Старик степенно кивнул, как и полагается пожилому почтенному небоходу.
— Ты даже боялась взять ее в руки, помнишь? Всю ночь вела корабль на север, молча глотая слезы. Ни разу не оглянулась в сторону Аретьюзы. И даже Дядюшка Крунч не осмеливался с тобой заговорить.
Ринриетта молча положила руки на рукояти штурвала. Иллюзия была передана превосходно, пальцы ощущали каждую морщинку на теплой полированной поверхности древесины. Кто воссоздал этот день — Марево или ее собственное воображение? Должно быть, Марево — она помнила, что в тот день рукояти штурвала показались ей ледяными…
— А позади меня лежало мертвое тело моего деда. Мне отчего-то казалось, у мертвых небоходов глаза должны быть прозрачные, как ясное небо. А у него быстро сделались тусклыми, словно оловянные пуговицы. У него был такой вид, будто он что-то не успел. Это было страшно, страшно и…
Старик вновь медленно кивнул. Глаза у него оказались незнакомые, не дедовские. У Восточного Хуракана, как у многих небоходов, глаза были выгоревшие, как августовское небо. У человека, который стоял возле нее, в глазах клубилось Марево — два бездонных океана алой дымки. Однако сейчас оно отчего-то уже не казалось зловещим. Просто подсвеченный догорающим закатом туман.
— Он успел сделать самое важное. Успел закончить то, что гнало его сюда на всех парусах, не разбирая ветров. Передал все своей единственной внучке и дал короткое напутствие.
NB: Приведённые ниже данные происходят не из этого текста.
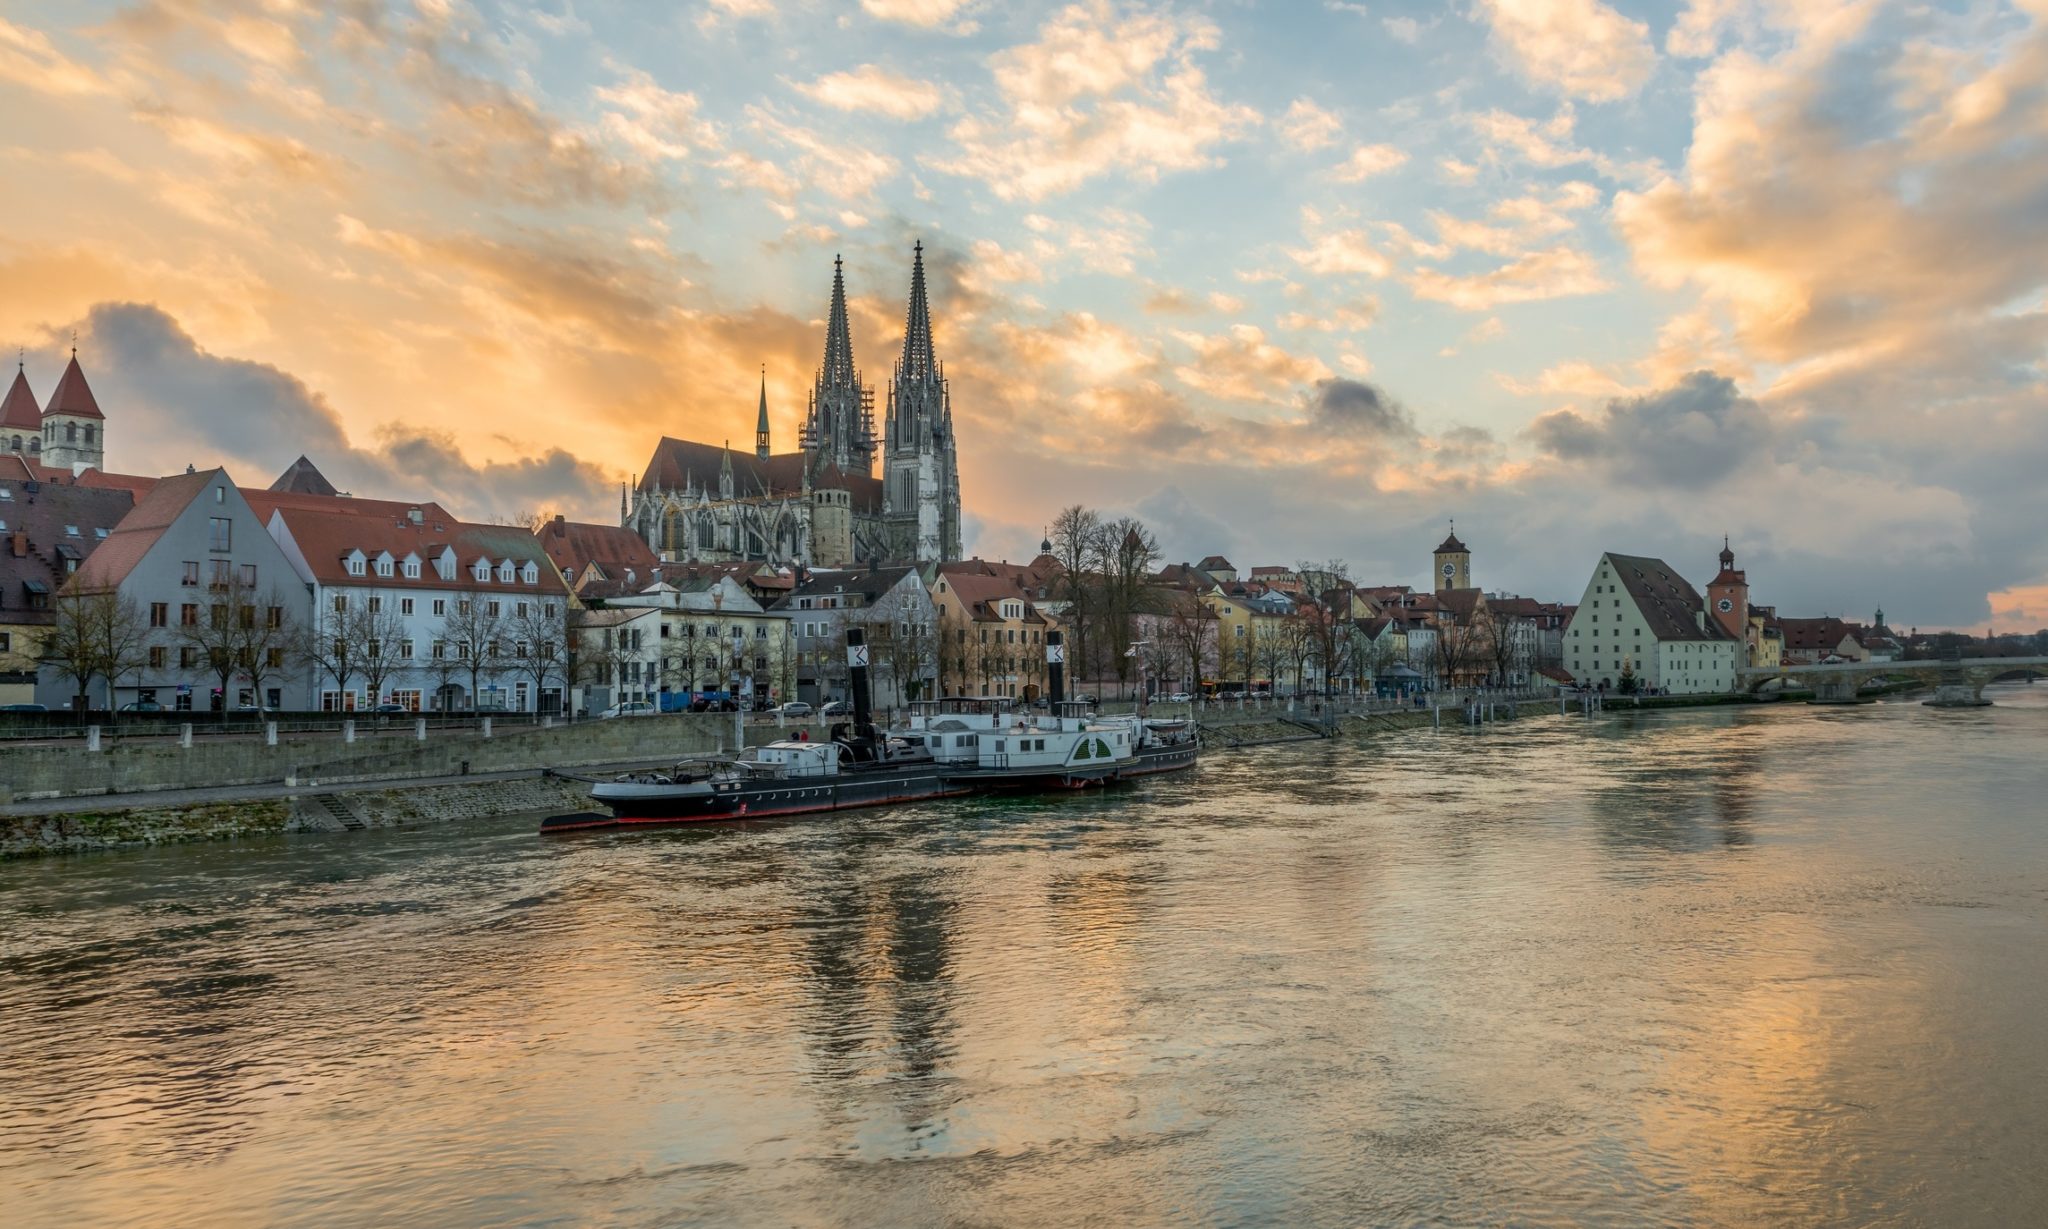 Haushaltsauflösung und Entrümpelung in Regensburg

Ринриетта испугалась, что Марево губами ее мертвого деда повторит сказанные в тот день слова. Испугалась того, что это прозвучало бы естественно и знакомо. Как гадко, мерзко… Словно прикладывать пулю к оставленному ей много лет шраму.
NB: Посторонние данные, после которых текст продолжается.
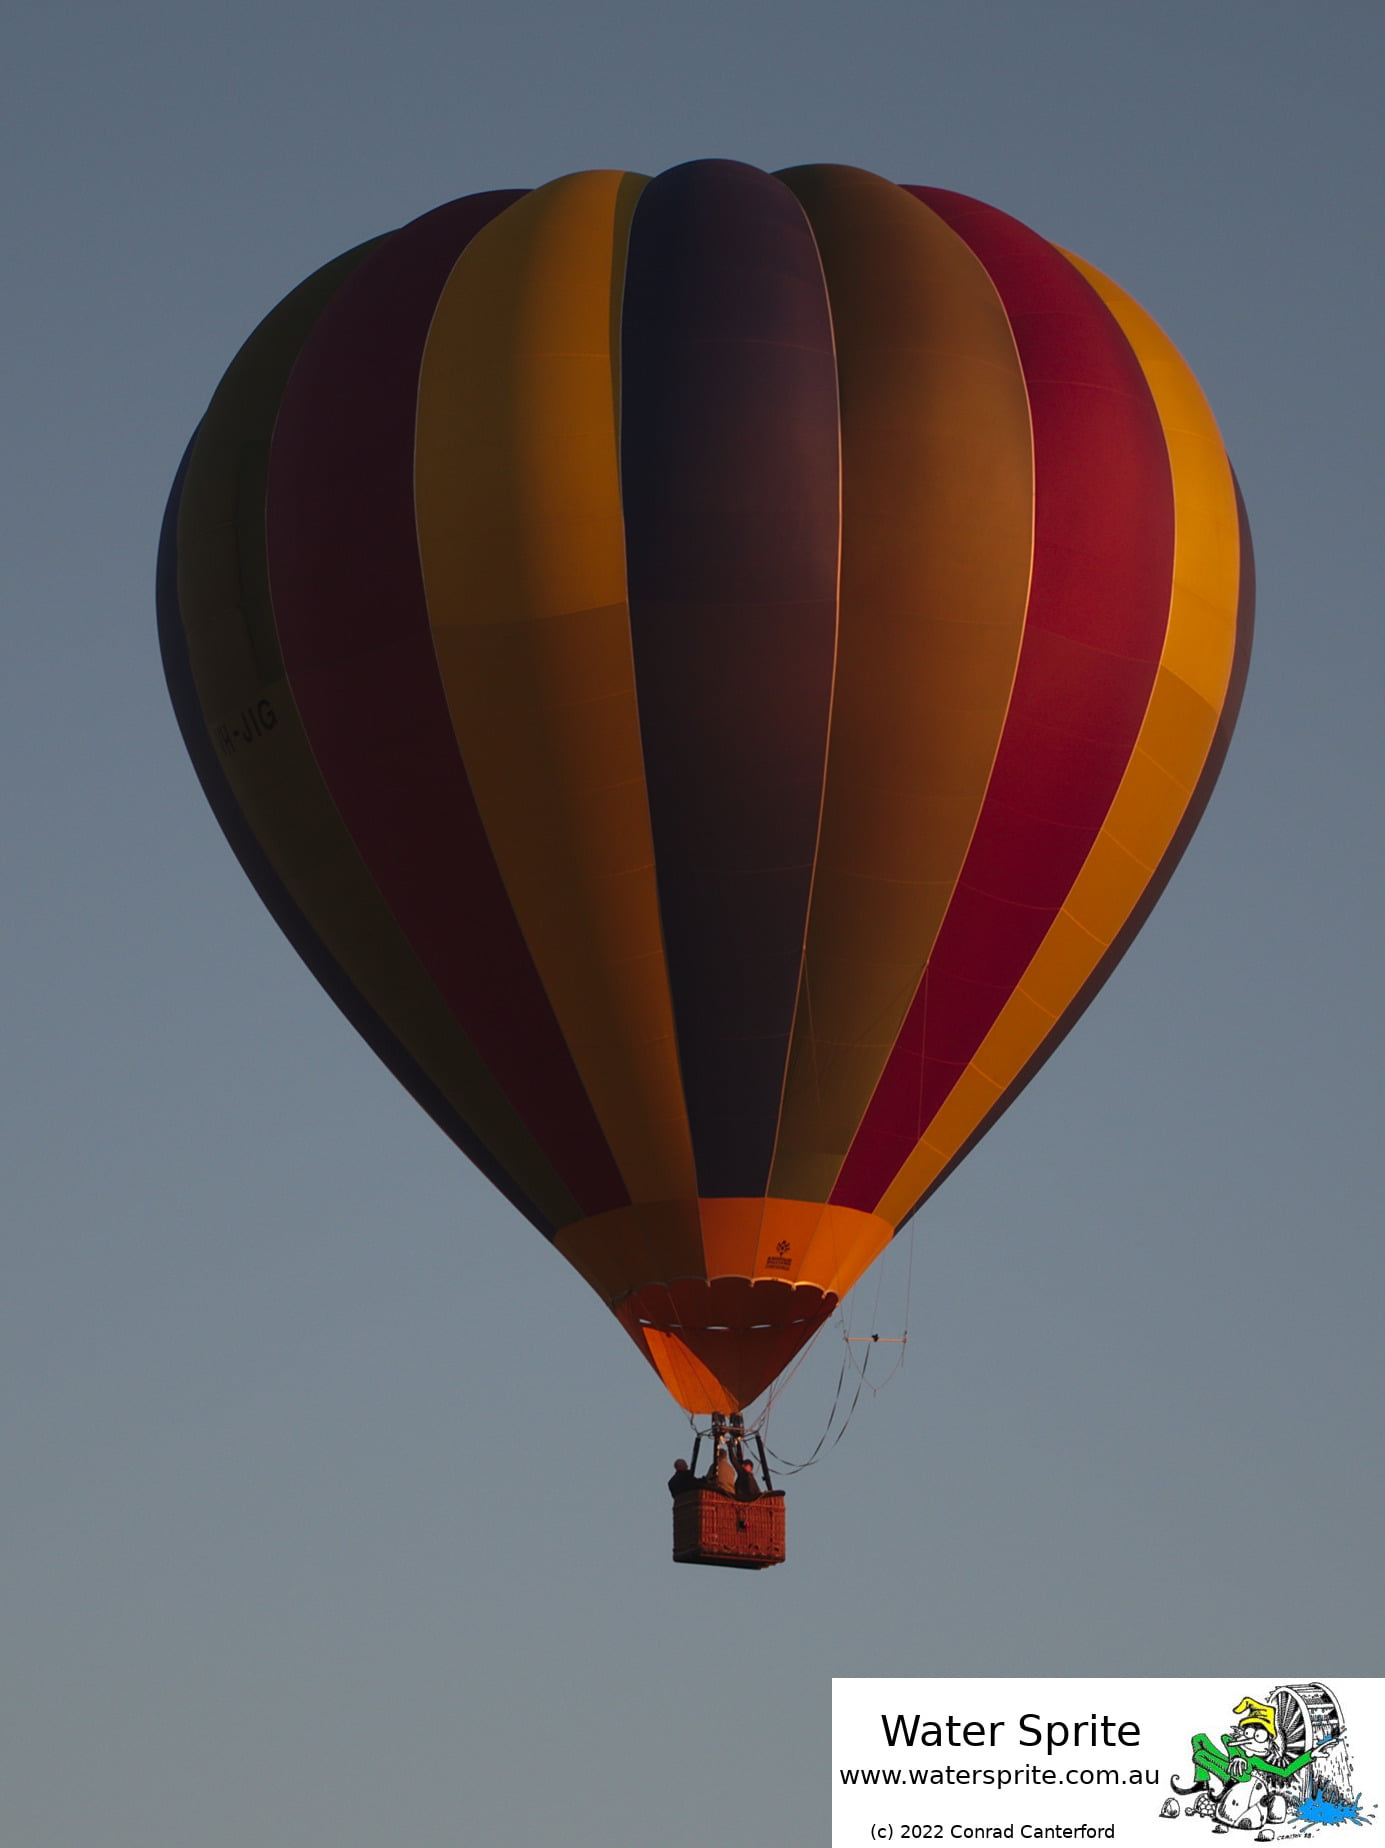 Balloon in flight.

— Искать свой клад на Восьмом Небе. Я помню.
— В тот день ты не побоялась изменить свою жизнь, Ринриетта. Не глядя швырнула за борт все то, к чему шла не один год. Учебу, карьеру, принципы. Даже Кин. Так чего же боишься перемен сегодня?
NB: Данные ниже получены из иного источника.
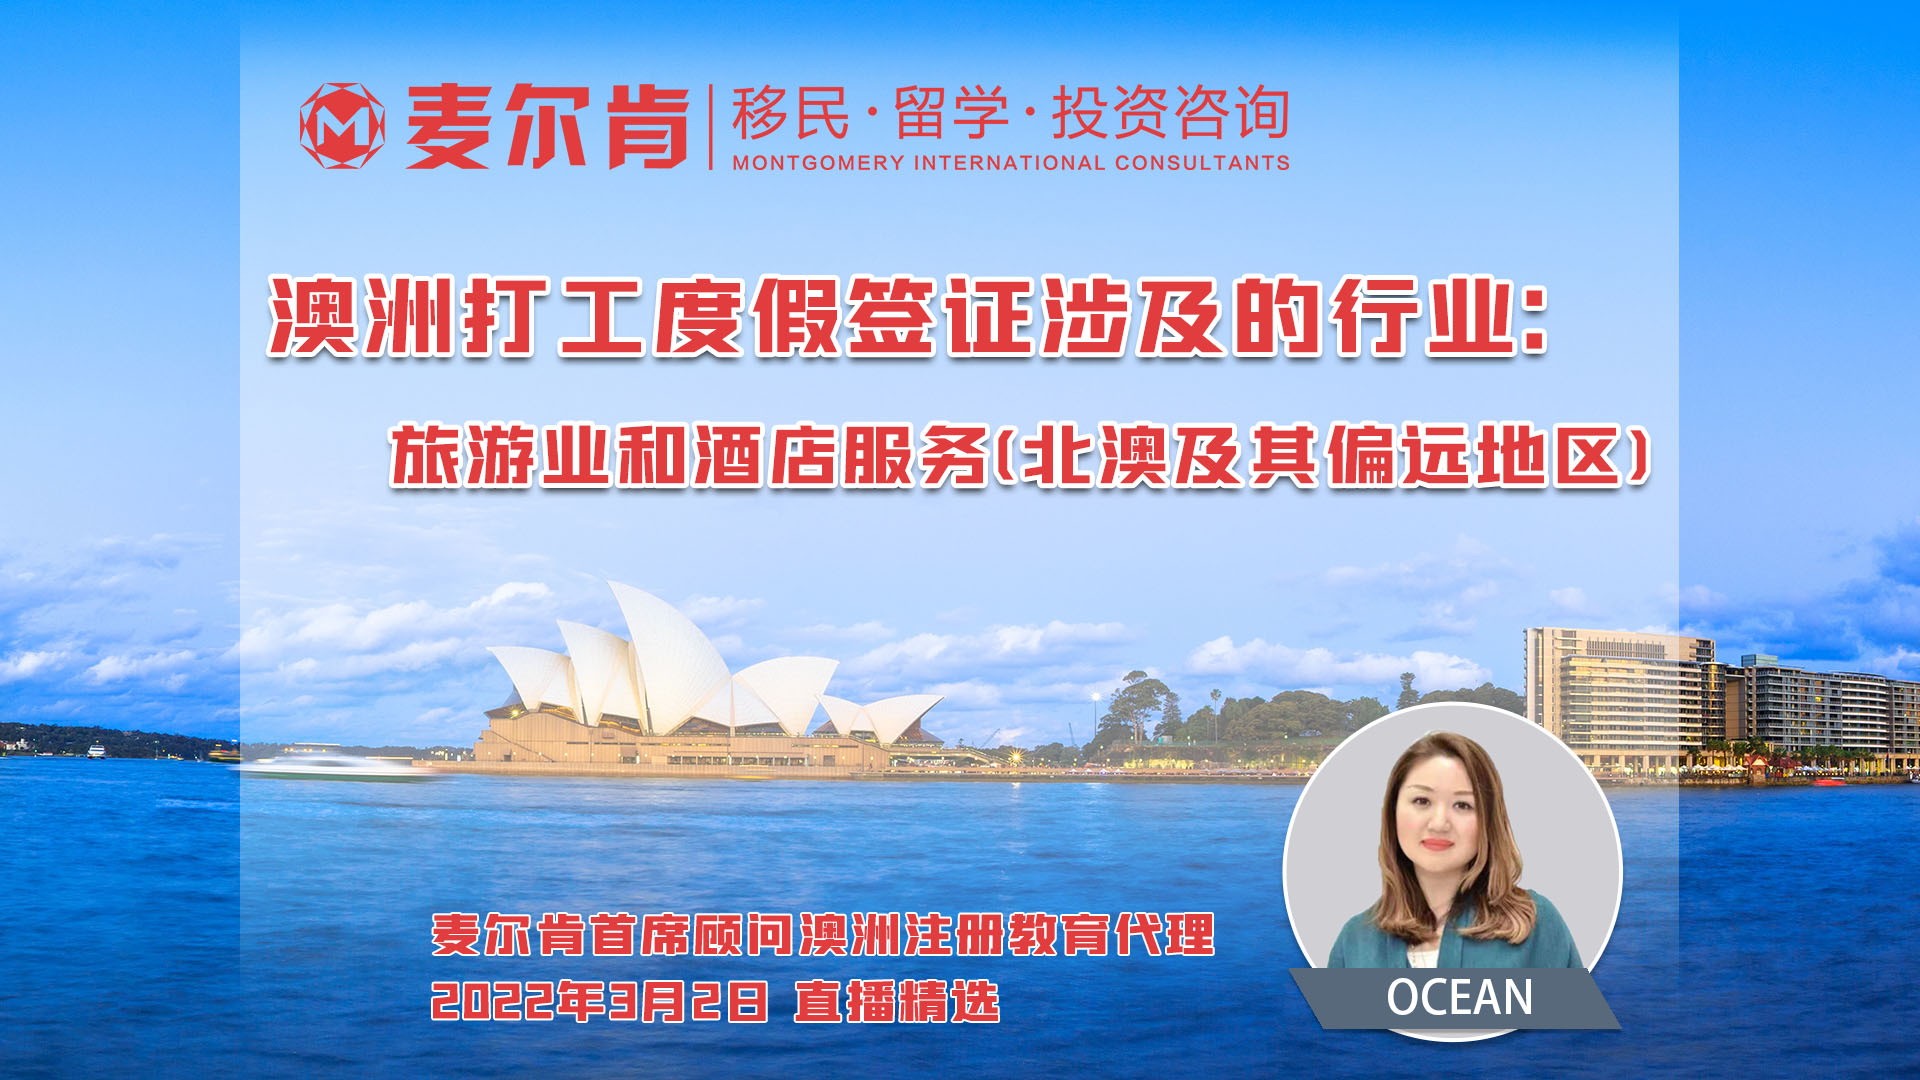 澳洲打工度假签证涉及的行业-旅游业和酒店服务(北澳及其偏远地区)

Голос старика звучал приглушенно, негромко, но Ринриетте послышался в нем грозный и в то же время завораживающий шорох, сродни отзвуку ветра, который поглаживает корпус корабля, пока не наберет достаточной силы, чтоб утянуть его вниз. Наверно, она могла бы приказать порождению Марева заткнуться, но она не стала. У Марева не было больше власти над ее страхами.
— Ты ведь знаешь, что в тот день меня гнали прочь не желания перемен. Наоборот, я боялась их до дрожи в ослабевших коленках. А новенькая треуголка, которую дед водрузил мне на голову, казалась тяжелой, как валун.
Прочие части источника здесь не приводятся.